| TASK DESCRIPTION |
Beginning with the line that contains "Ausmalbilder Geburtstagstorte" and ending with the line that contains "Kuchen Mit Kerzen", reproduce the lines of the entries below exactly, omitting pictures.

| EXTRACTED RECORDS |
>>>

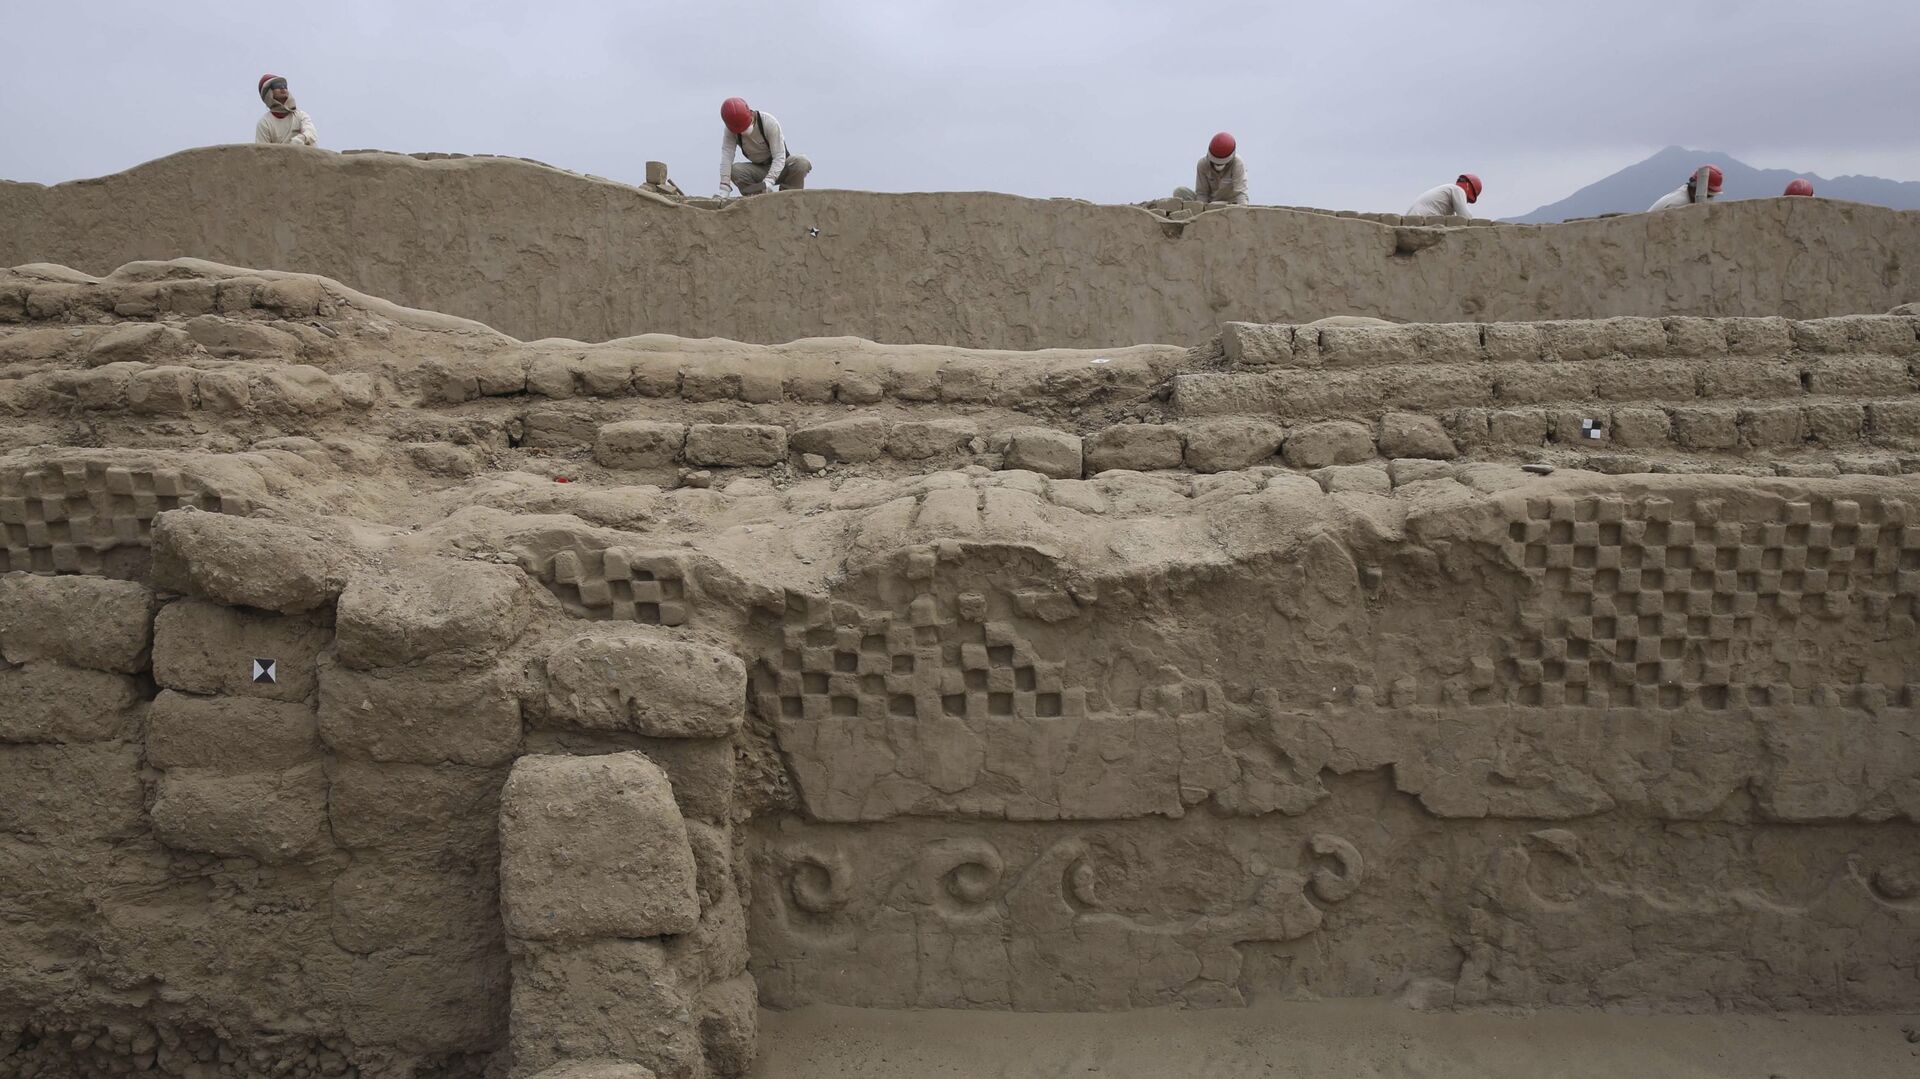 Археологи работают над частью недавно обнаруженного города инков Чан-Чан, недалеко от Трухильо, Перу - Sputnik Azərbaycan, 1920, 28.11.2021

<<<
>>>

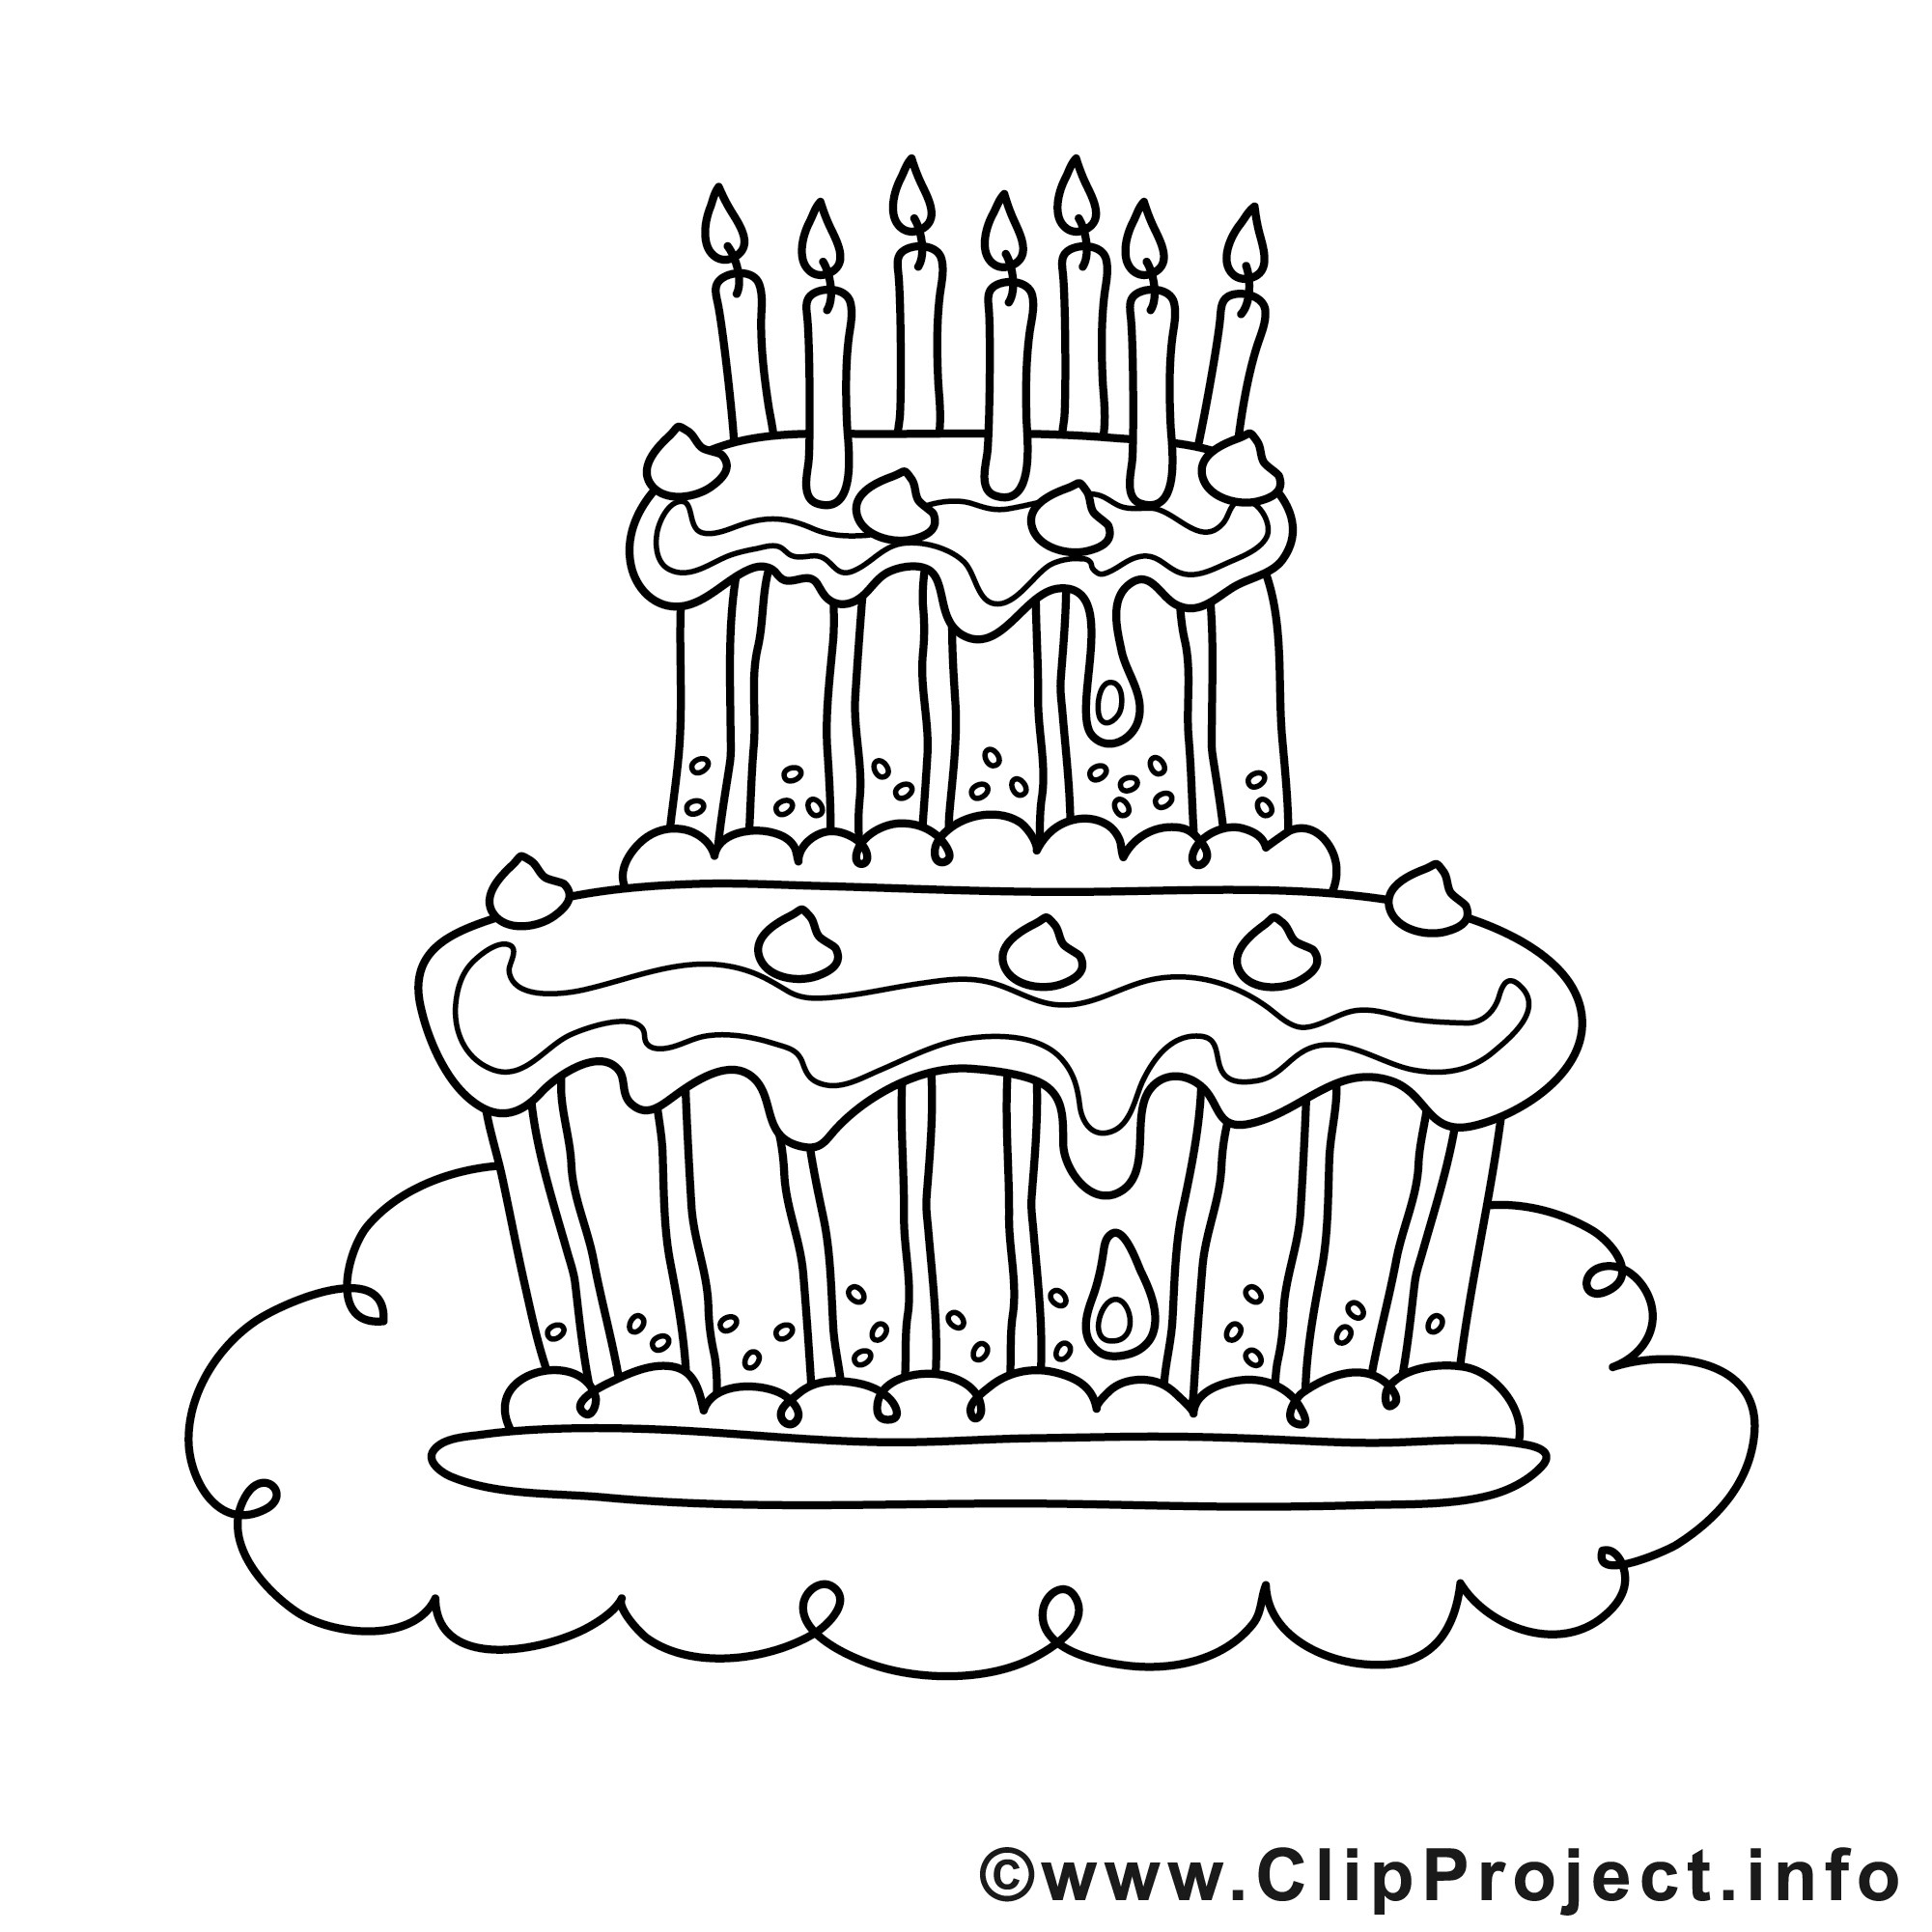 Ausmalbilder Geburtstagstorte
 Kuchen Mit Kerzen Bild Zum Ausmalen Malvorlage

<<<

| ANSWER FOR THE TASK |
 Ausmalbilder Geburtstagstorte
 Kuchen Mit Kerzen Bild Zum Ausmalen Malvorlage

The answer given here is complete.